Neill stressed that people should not blame the Lake Okeechobee water releases for the sand dollar deaths until more information is known.
“We cannot make the mistake and tie it to some event from the Caloosahatchee (River),” he said. “That’s what we want to do. We want to have that major reaction. It is hard for me to imagine that releases from the Caloosahatchee are affecting the sand dollars in Bonita. Could it be? Absolutely. It could be. We do know without any question (that) as we continue to assault our oceans with nutrient runoff, we are negatively affecting it. But whether the runoff is affecting these creatures it is hard to say. This may well be just normal mortality.”
Bill Mitsch, director of Everglades Wetland Research Park and a professor of Marine and Ecological Science at Florida Gulf Coast University, has a different theory.
“The most logical reason you would have a kill like that is lack of oxygen,” Mitsch said. “That is one distinct possibility.”
Mitsch said the higher the temperature, the less oxygen the water can hold. The Gulf of Mexico's temperature is now about 90 degrees, he said.
“This could be a hypoxic event,” Mitsch said. “The fact that they are on the bottom of the sea — that is where the logic of the lack of oxygen is. That’s always the most logical thing when you have kills. Another possibility is a side effect of red tide. That is pretty much my list.”
Jeffrey Schmid, environmental research manager with the Conservancy of Southwest Florida, saw dead sand dollars on a Naples beach a few weeks ago.
“The bottom was just covered with these little quarter-sized sand dollars,” he said. “It has been going on for a couple of weeks now. I made the same observation and was wondering about it.”
Rick Bartleson, a research scientist with the Sanibel Captiva Conservation Foundation, doesn’t think the sand dollar situation is that unusual.
“I know we have sand dollars wash up,” he said. “It happens pretty often. What I don’t know is, if there is a salinity salt tolerance, if that would affect them. I also don’t know if they are susceptible to red tide toxins.
"It does affect a lot of the invertebrates in the area. We’ve seen these sand dollars get real dense onshore, and they wash up. It happens pretty frequently.”
Leigh Gay, outreach coordinator with the Bailey-Matthews National Shell Museum, said sand dollars seem to be easier to find on the shore in the summer months.
"It could be that they just reproduced, and it could be a natural die-off that happens with the younger ones," Gay said. "That is in my opinion what is happening. But I don’t know for sure.”
Mensch said people need to know the difference between mass strandings — when the tide goes out and the sand dollars wait on the wet sand for the tide to return — and dead sand dollars.
“Many people have a hard time telling if a sand dollar is dead or alive, and we often see people collecting live ones at the beach simply because they don't know any better,” Mensch said. “We always strongly emphasize with our guests that just because an animal is on the beach does not mean it is dead, or even necessarily distressed.
She said the best way to tell whether a sand dollar is dead or alive is by looking at its texture.

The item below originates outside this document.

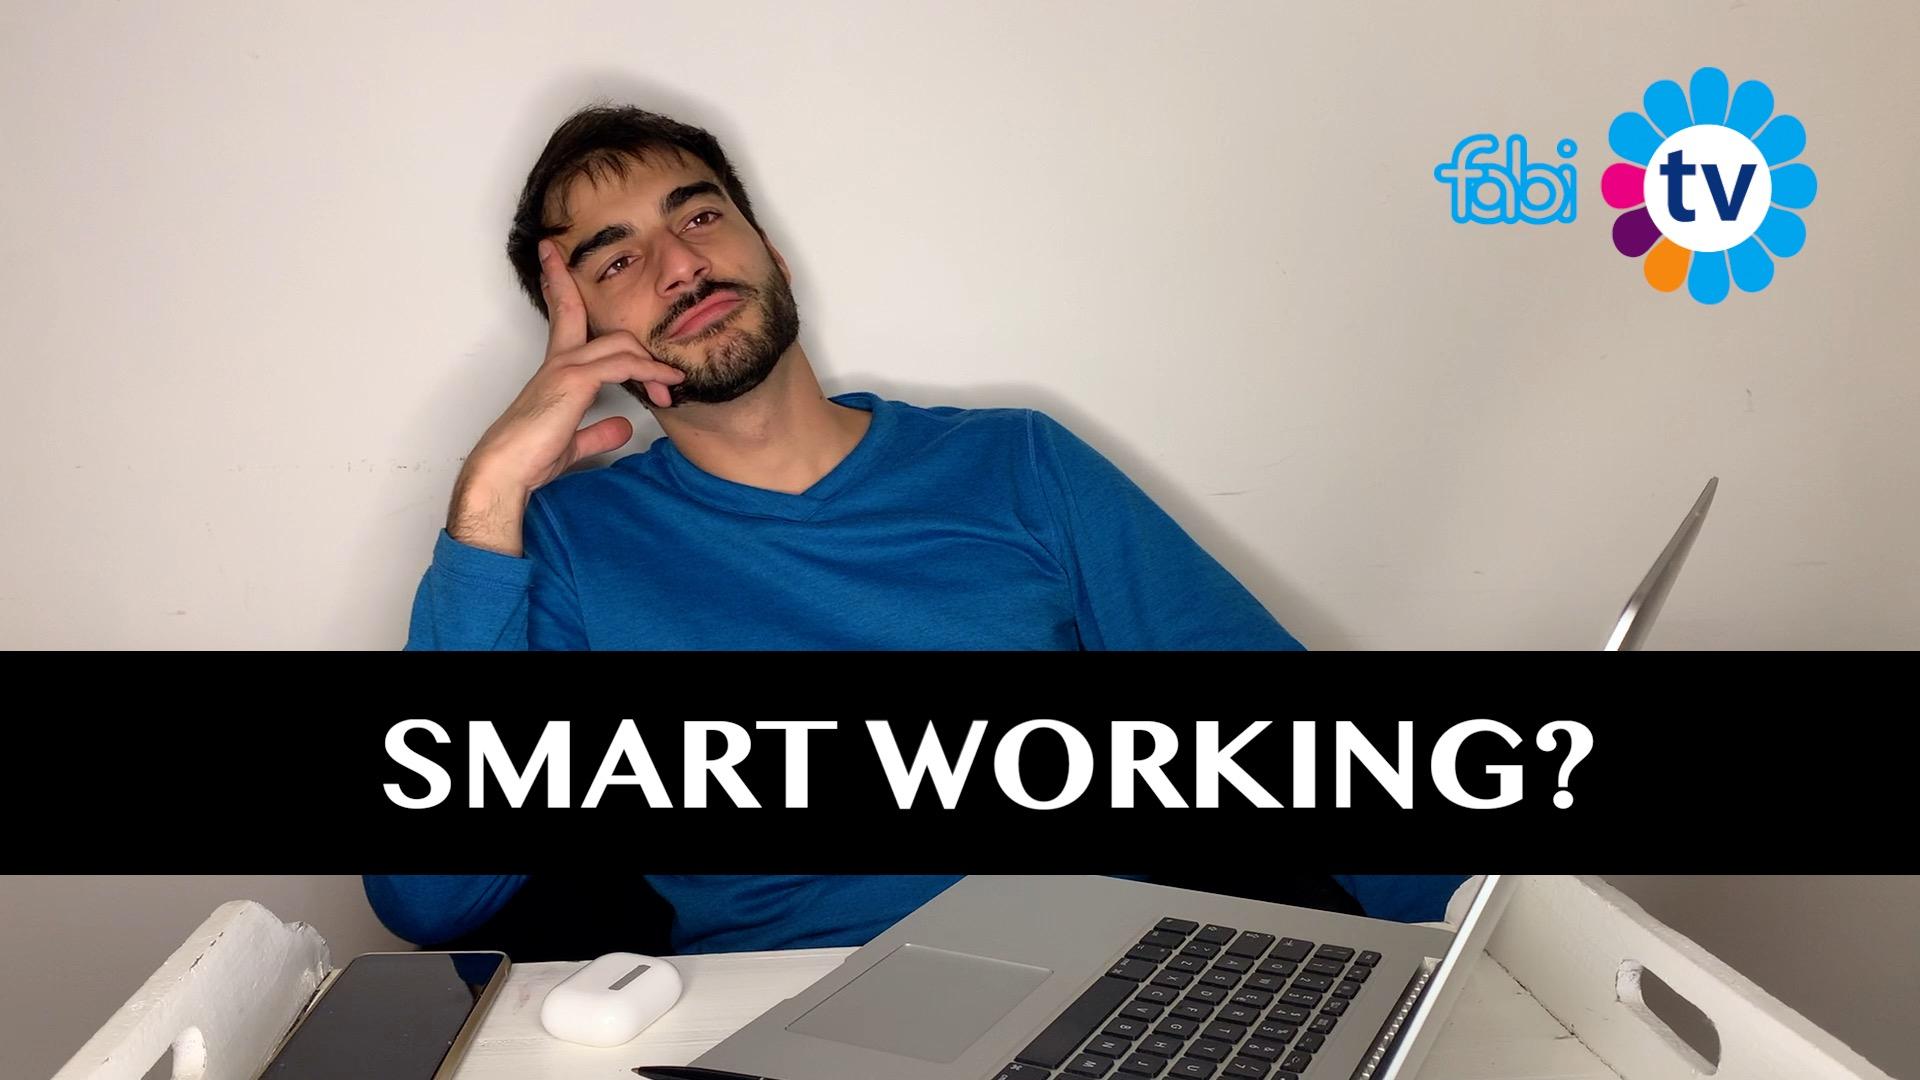 SMART WORKING?

"If it is fuzzy and looks like it hasn't shaved in a few days, it is best to assume it is alive," she said. "If it releases a yellow stain on you, it is alive and telling you to put it down. If the little bristles are moving at all, it is definitely alive.
“We also like to remind guests to never, ever throw a live animal. If someone finds a live sand dollar on the beach, the best thing to do is gently place it back in the water. Live shelling is illegal in Lee County, and violators face a $500 fine.”